The central issue is that video audio is recorded at widely different volume levels. Basic recorders may have no recording volume control but some sort of automatic leveling that prevents clipping. That can result in flat audio. Even TV programs vary hugely by program and station. Video from different sources is highly variable in both volume and content. Trying to get a standard level is best explained in terms of mp3 music files and software.
In any music track, you may have quiet passages, loud drumming, overdriven guitar that produces annoying odd harmonics etc. Somehow you have to try and make it all an acceptable level while not making it a monotone or inaudible. The way mp3 normalizers work is to review the entire track volume levels, and have some formula for working out how to compress it to "normal". The "track gain". To make an entire set of mp3 tracks sound OK together, you then have to compare the new "normal" levels of each track and adjust relative to the others. The so-called "album gain". To get decent normalization, the software has to go through all the mp3 tracks.
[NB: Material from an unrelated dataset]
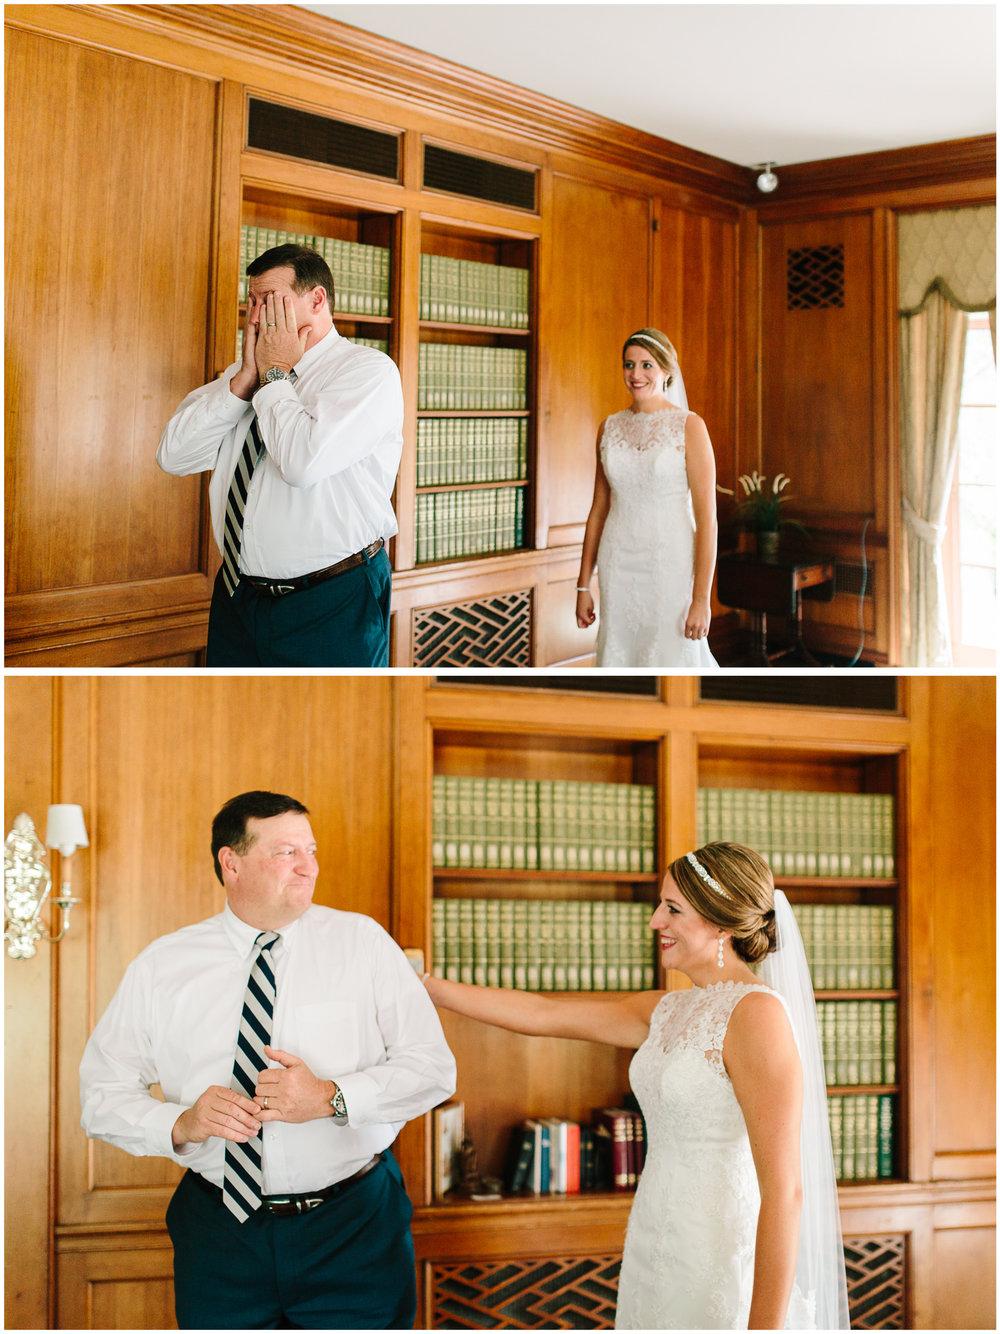 ann_arbor_michigan_wedding_19.jpg

Ultimately it's a subjective "best guess".
If one is trying to get normalization solely on video playback, the results will not be as good as noted above. It can only work with the current video. Some players have a normalization feature, see:
VLC player normalizationSuch software/hardware must either review the track before playing or have a variable gain that progressively limits volume as it approaches 100% or increases as it approaches 0% (making the audio sound flatter). I can't speak for how it works in VLC player. These days we can at least be thankful that most systems have a remote control!